DESCRIPTION OF THE TASK ▸
Reproduce the listing that follows character for character, excluding its pictures.

DATA SECTION ▸
════════

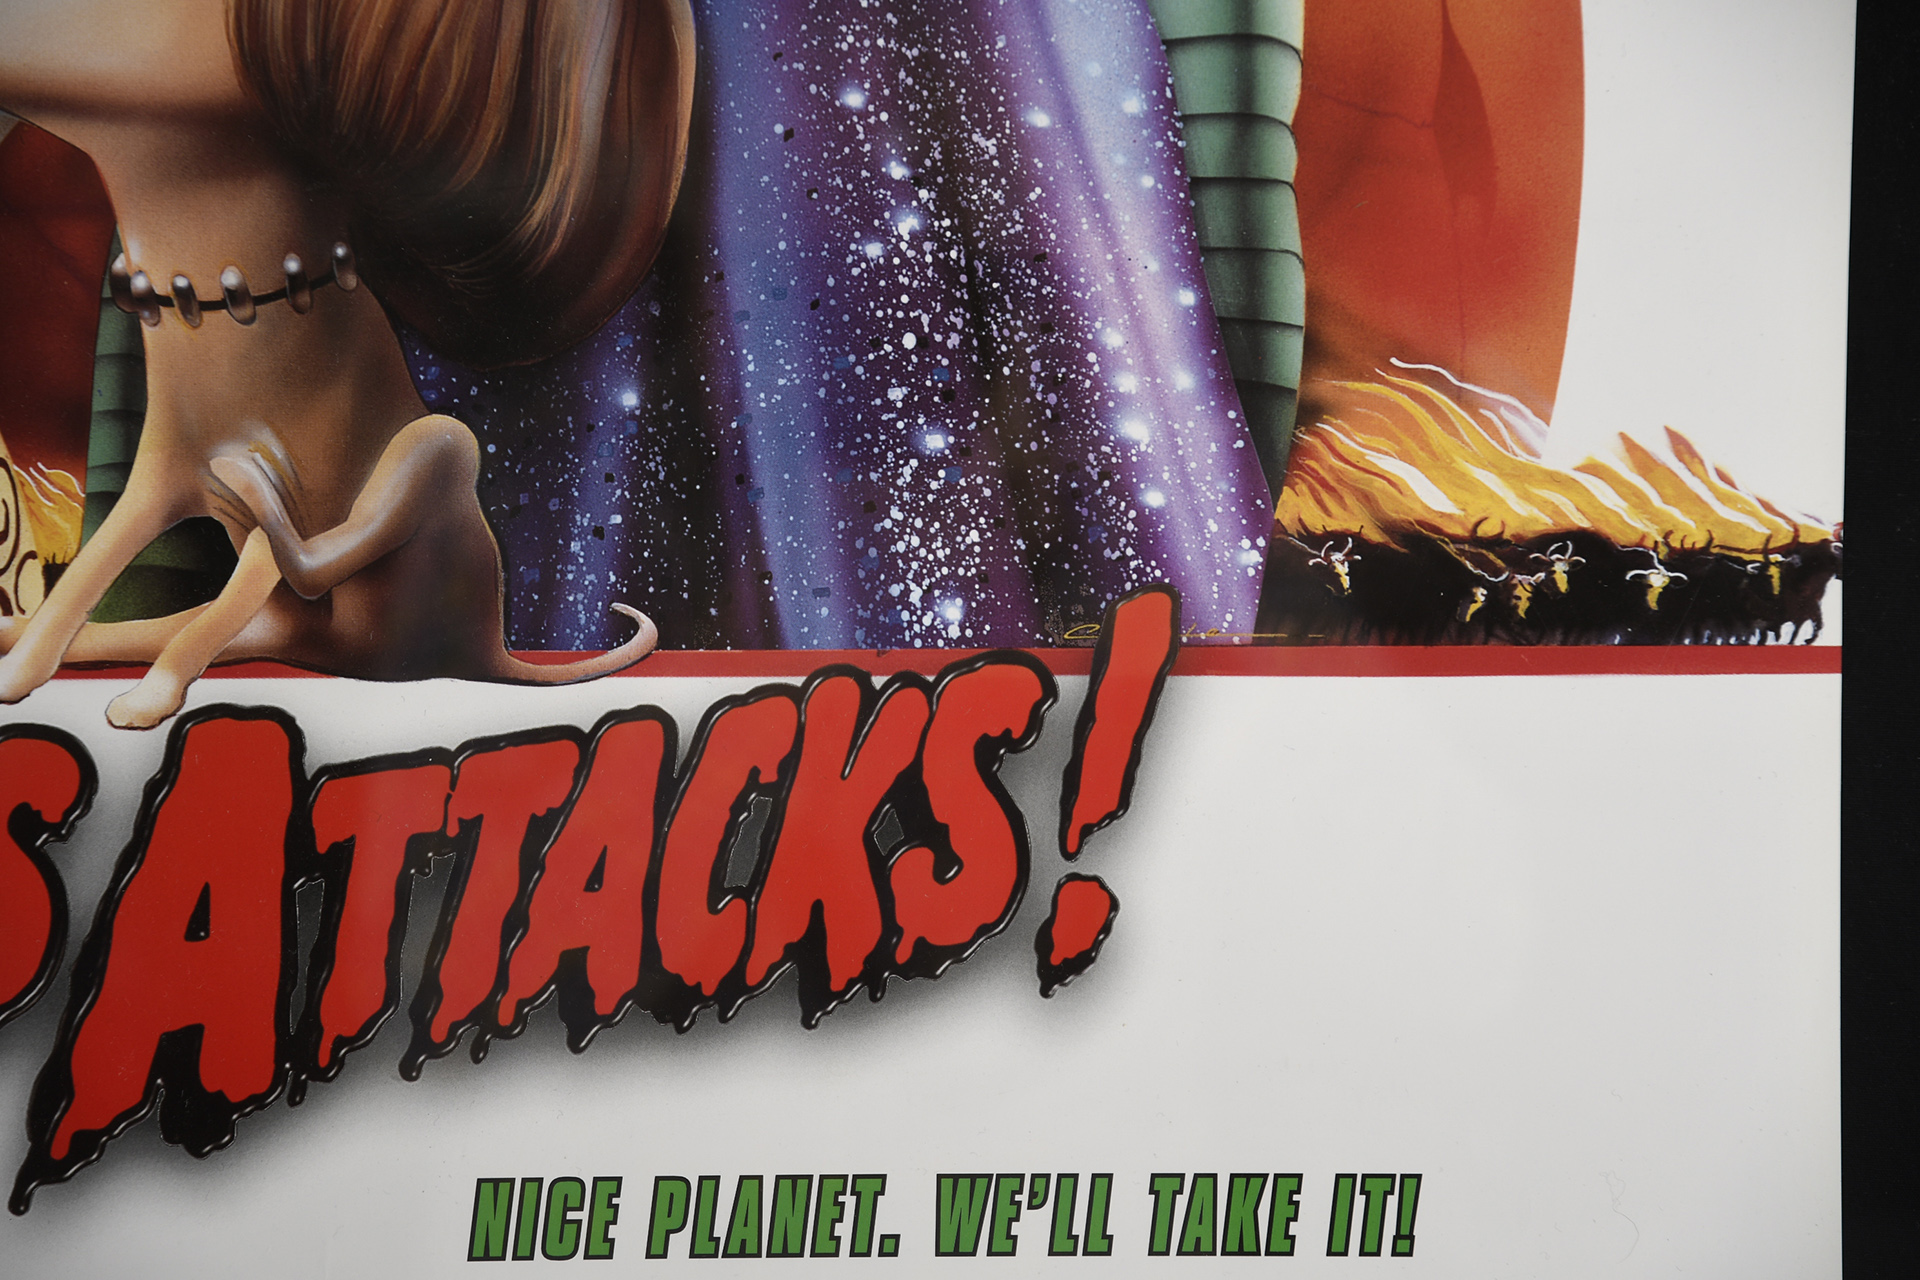 Mars Attacks!"" Cinema Poster - Image 5 of 10
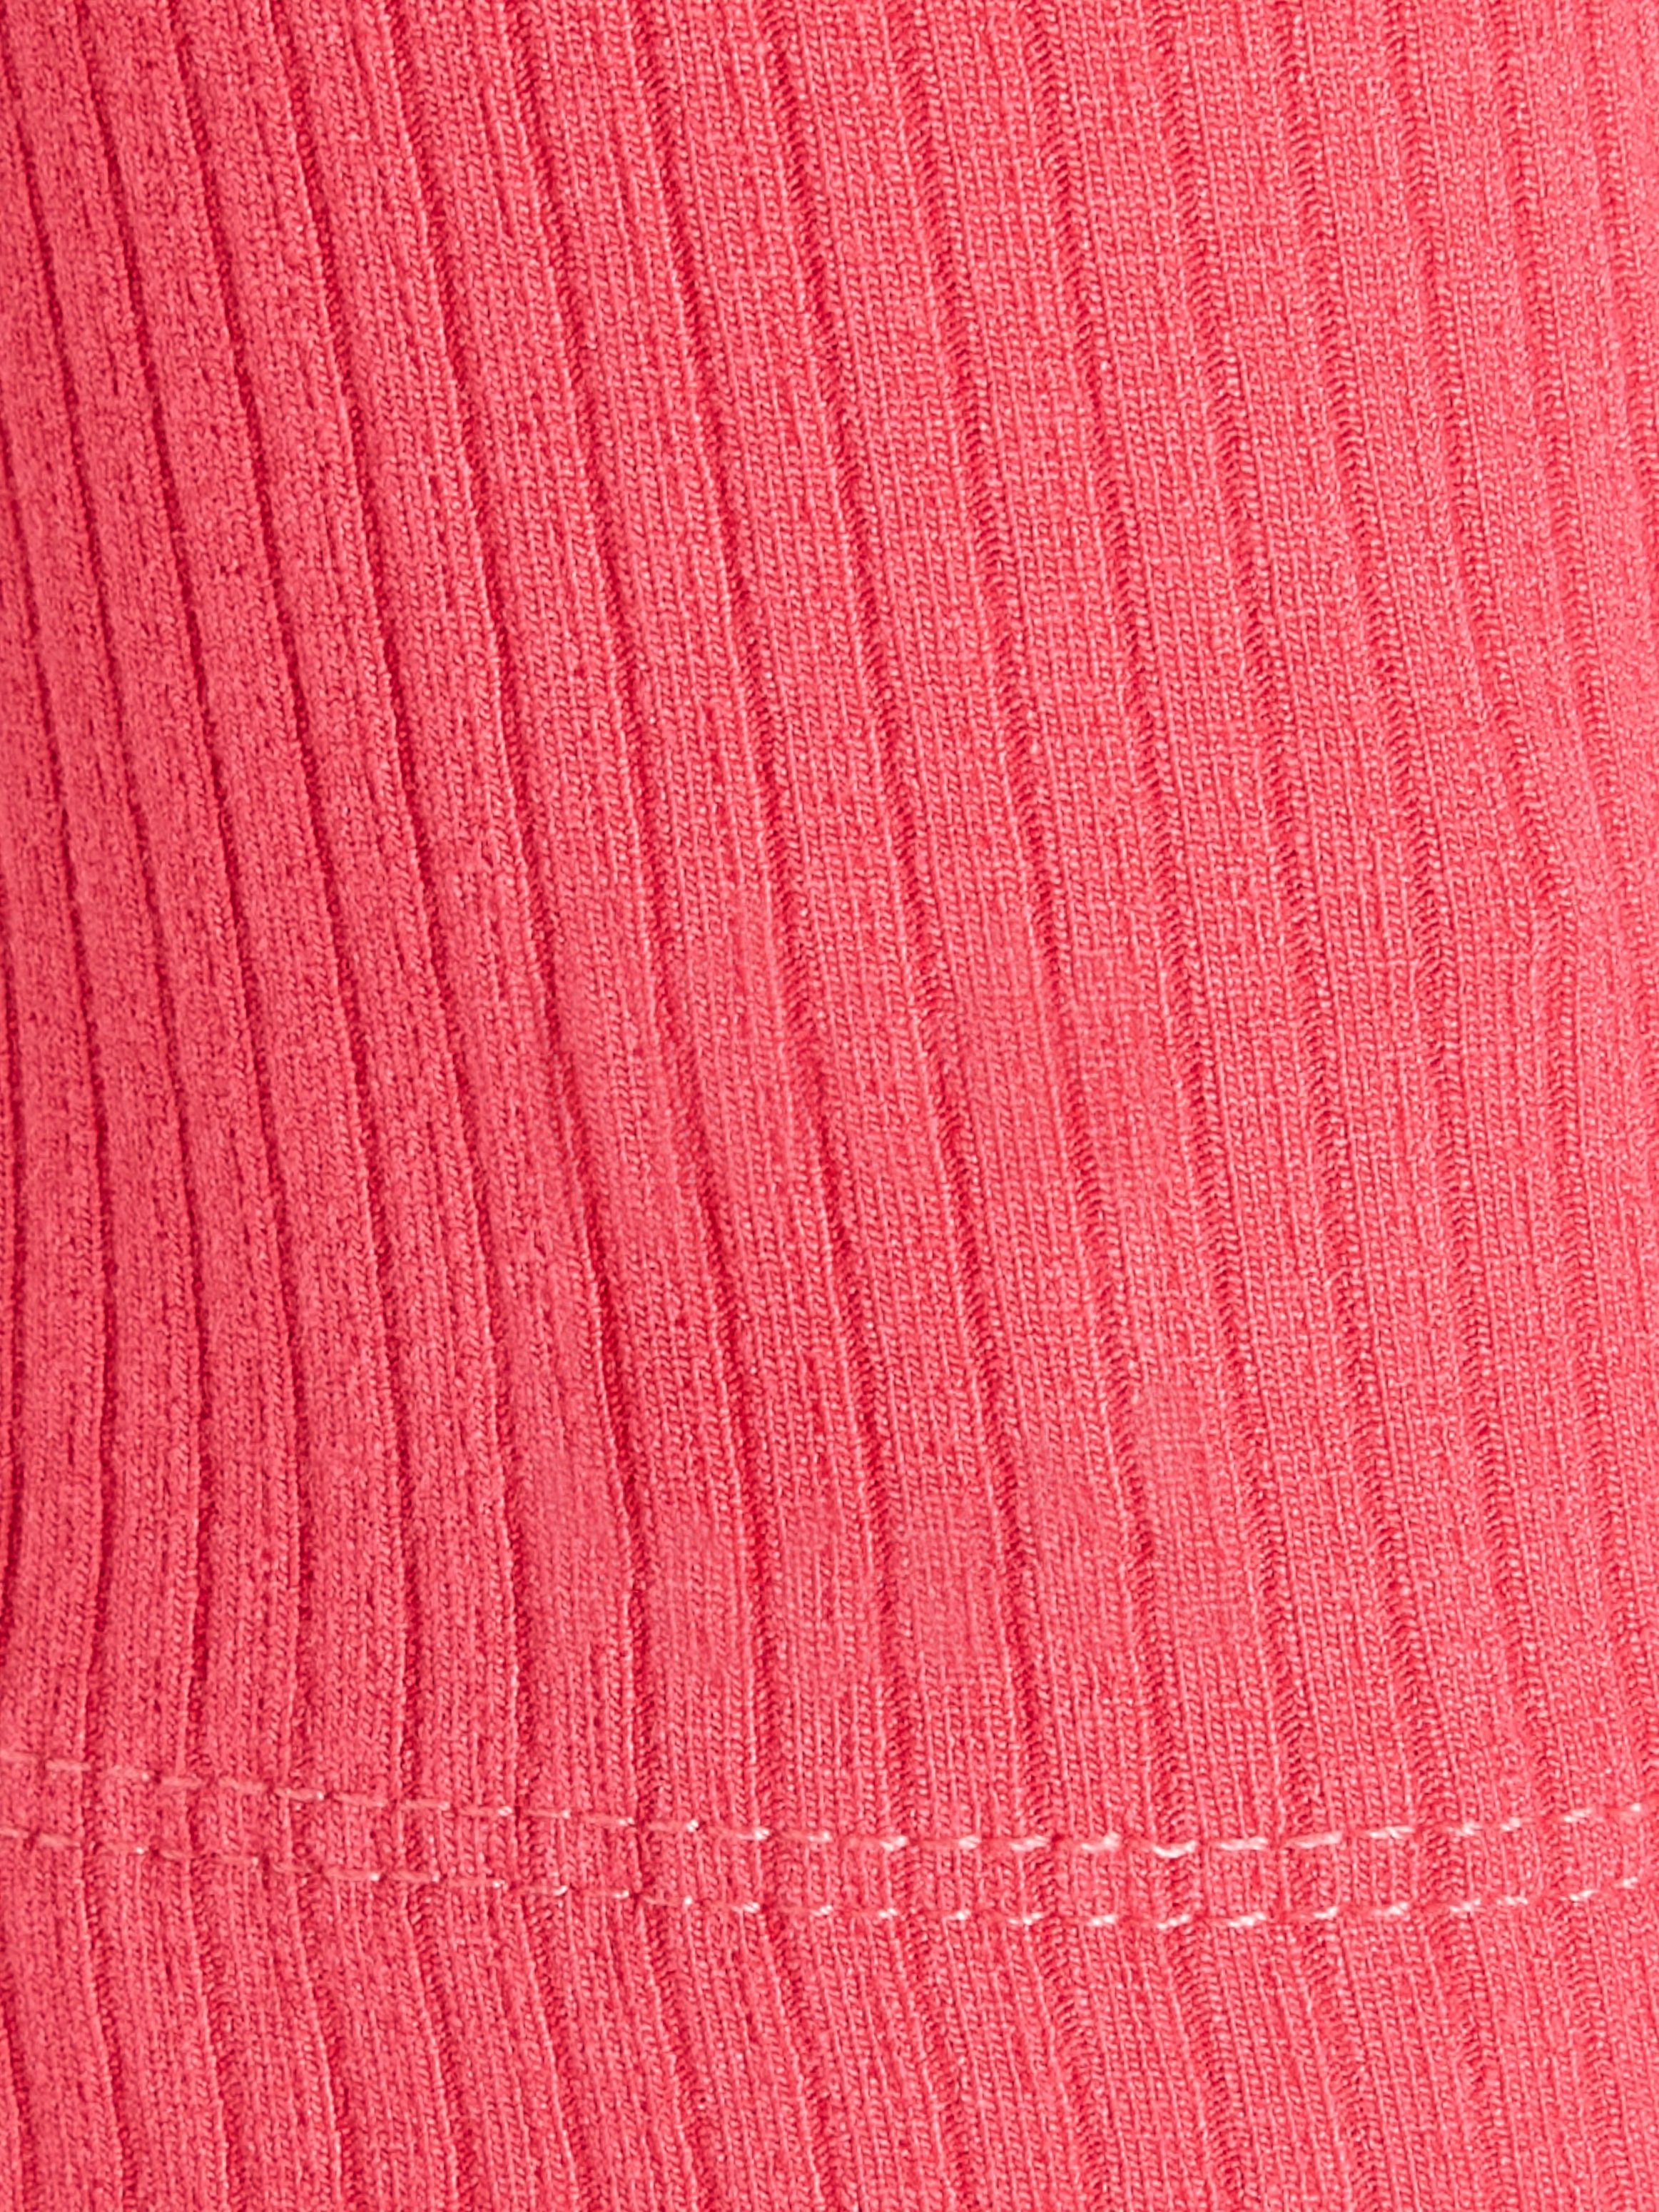 POLO 5X2 langer Bright_Cerise_Pink Poloshirt Hilfiger Knopfleiste mit RIB Tommy SLIM
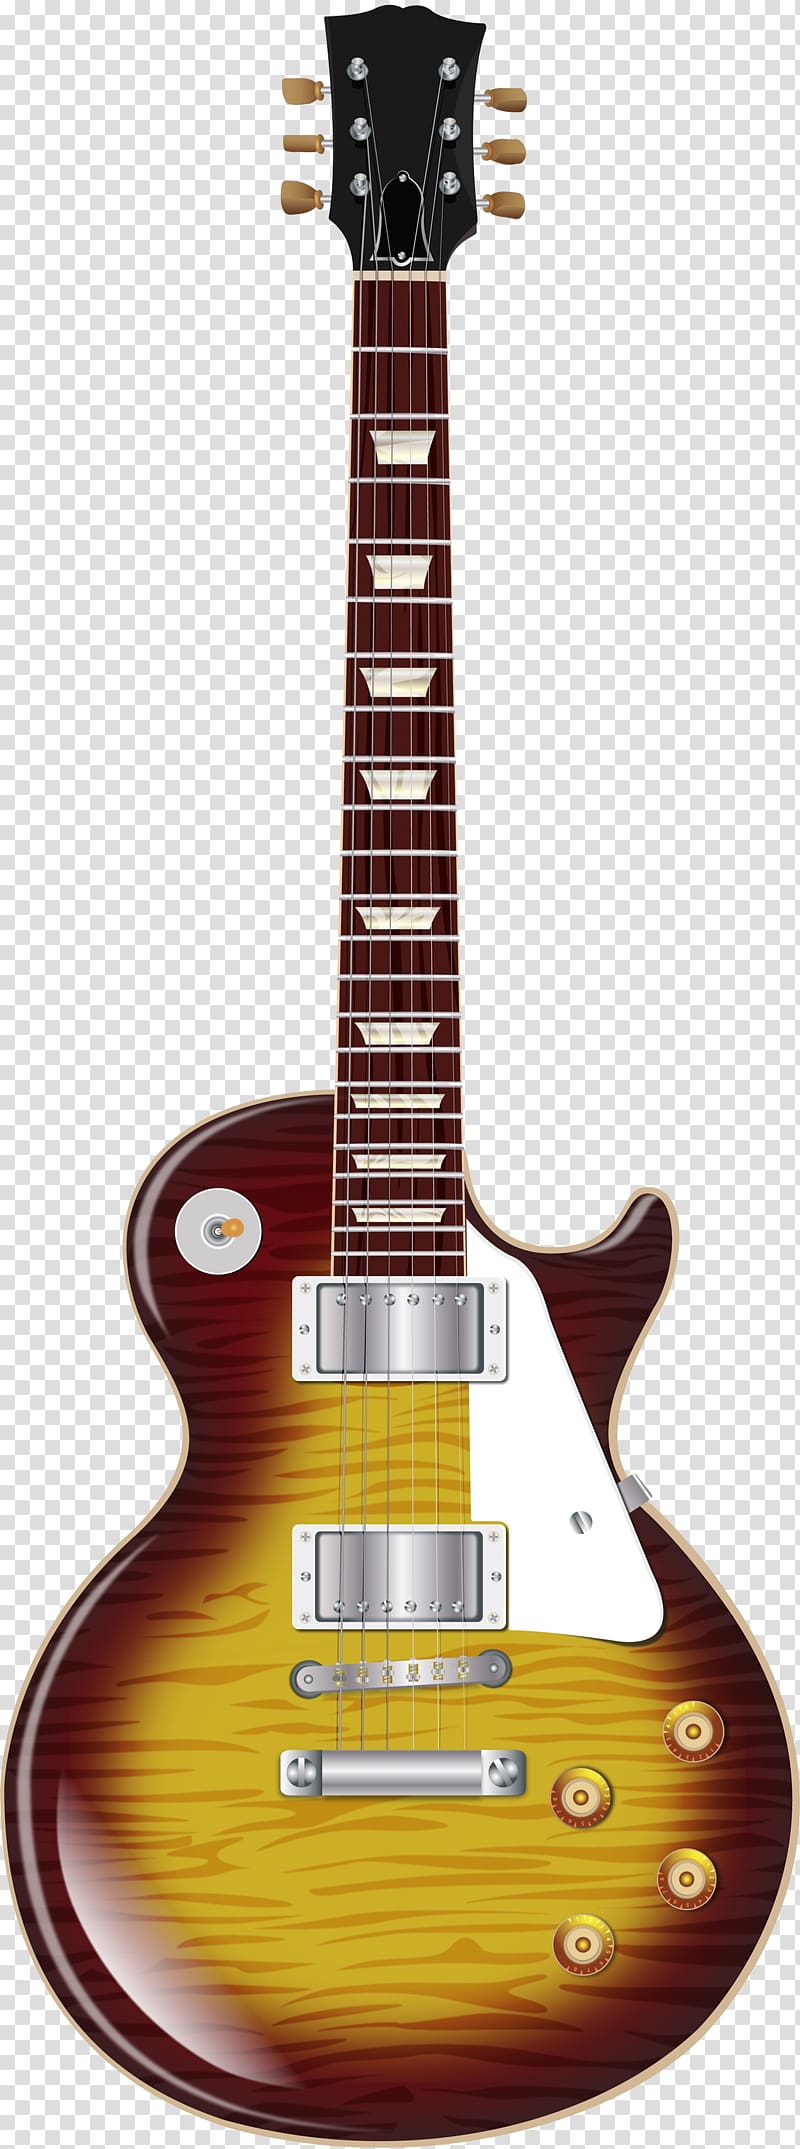 Gibson Les Paul Custom Epiphone Les Paul Standard PlusTop Pro Guitar, guitar transparent background PNG clipart

════════

TASK OUTPUT ▸
 Mars Attacks!"" Cinema Poster - Image 5 of 10
 POLO 5X2 langer Bright_Cerise_Pink Poloshirt Hilfiger Knopfleiste mit RIB Tommy SLIM
 Gibson Les Paul Custom Epiphone Les Paul Standard PlusTop Pro Guitar, guitar transparent background PNG clipart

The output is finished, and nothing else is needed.